↓↓↓
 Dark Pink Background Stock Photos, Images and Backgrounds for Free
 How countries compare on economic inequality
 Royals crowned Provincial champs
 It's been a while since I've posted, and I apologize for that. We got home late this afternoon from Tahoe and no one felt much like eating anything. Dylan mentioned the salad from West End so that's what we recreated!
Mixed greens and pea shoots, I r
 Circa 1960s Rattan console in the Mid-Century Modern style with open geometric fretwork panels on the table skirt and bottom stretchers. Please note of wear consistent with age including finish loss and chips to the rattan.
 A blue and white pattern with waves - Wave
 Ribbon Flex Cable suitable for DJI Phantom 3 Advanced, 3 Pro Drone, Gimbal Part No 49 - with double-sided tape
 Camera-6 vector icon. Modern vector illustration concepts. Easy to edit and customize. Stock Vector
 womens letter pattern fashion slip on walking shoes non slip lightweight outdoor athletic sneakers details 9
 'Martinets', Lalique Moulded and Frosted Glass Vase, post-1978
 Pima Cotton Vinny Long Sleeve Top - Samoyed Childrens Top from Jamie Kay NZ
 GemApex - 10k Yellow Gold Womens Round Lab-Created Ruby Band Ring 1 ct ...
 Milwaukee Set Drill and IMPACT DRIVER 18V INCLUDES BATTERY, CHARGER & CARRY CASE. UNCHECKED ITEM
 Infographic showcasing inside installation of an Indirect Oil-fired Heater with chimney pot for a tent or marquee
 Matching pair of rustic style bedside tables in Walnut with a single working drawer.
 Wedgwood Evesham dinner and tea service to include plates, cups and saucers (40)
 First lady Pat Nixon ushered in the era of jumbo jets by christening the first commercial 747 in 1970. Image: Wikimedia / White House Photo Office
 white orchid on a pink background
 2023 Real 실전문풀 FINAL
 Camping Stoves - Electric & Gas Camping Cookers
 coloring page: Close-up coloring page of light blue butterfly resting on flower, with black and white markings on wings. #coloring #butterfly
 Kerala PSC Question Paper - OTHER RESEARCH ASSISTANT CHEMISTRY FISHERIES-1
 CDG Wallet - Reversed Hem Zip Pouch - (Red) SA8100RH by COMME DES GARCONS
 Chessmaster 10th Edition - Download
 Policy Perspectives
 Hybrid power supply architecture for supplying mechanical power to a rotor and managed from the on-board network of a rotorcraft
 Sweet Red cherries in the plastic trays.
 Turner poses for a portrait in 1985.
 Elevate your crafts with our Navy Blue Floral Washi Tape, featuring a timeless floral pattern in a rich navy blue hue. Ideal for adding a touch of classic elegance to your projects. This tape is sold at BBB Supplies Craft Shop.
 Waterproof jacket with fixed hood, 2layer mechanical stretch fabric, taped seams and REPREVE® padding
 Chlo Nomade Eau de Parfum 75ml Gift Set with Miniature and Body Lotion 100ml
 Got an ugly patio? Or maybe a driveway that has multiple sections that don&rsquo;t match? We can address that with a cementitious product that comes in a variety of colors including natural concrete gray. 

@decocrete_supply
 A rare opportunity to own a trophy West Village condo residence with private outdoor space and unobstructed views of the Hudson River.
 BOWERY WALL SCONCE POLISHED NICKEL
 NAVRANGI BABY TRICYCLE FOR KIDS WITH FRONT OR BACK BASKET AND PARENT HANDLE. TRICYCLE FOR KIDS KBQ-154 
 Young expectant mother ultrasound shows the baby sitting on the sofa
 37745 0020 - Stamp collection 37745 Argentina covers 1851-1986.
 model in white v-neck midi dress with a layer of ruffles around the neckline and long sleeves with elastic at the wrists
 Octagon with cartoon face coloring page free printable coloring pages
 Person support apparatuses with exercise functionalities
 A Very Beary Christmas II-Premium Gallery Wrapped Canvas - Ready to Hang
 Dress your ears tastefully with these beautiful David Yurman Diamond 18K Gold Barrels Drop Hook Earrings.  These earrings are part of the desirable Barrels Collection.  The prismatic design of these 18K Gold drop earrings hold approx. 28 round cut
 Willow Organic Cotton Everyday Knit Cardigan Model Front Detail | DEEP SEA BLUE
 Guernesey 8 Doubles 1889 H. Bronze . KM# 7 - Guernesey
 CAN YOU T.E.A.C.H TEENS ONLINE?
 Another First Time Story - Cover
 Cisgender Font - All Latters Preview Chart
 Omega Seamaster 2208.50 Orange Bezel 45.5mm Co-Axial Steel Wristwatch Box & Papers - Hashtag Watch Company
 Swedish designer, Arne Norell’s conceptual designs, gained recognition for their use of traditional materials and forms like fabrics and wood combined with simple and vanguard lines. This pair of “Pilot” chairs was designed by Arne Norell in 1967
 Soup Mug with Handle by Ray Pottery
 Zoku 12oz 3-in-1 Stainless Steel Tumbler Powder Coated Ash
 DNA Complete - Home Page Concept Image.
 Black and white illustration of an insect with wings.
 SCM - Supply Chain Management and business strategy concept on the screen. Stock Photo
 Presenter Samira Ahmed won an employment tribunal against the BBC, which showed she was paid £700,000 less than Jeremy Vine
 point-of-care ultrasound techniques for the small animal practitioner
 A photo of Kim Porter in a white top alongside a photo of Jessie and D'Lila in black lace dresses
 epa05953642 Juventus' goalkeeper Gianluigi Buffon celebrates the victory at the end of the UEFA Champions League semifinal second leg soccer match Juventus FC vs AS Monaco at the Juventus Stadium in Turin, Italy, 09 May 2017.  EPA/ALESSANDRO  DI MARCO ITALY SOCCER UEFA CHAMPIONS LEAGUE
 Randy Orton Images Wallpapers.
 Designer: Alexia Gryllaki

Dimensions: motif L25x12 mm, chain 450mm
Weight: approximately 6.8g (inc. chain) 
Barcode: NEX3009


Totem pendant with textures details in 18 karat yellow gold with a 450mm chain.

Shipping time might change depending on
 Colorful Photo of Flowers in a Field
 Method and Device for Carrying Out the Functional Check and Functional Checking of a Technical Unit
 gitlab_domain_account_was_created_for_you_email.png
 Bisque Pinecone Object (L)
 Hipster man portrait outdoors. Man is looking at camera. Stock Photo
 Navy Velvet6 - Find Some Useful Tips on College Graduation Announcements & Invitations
↑↑↑
• **Work item**
Reproduce every line of the material above that has the string "pair".

• **Response box**
 Matching pair of rustic style bedside tables in Walnut with a single working drawer.
 Swedish designer, Arne Norell’s conceptual designs, gained recognition for their use of traditional materials and forms like fabrics and wood combined with simple and vanguard lines. This pair of “Pilot” chairs was designed by Arne Norell in 1967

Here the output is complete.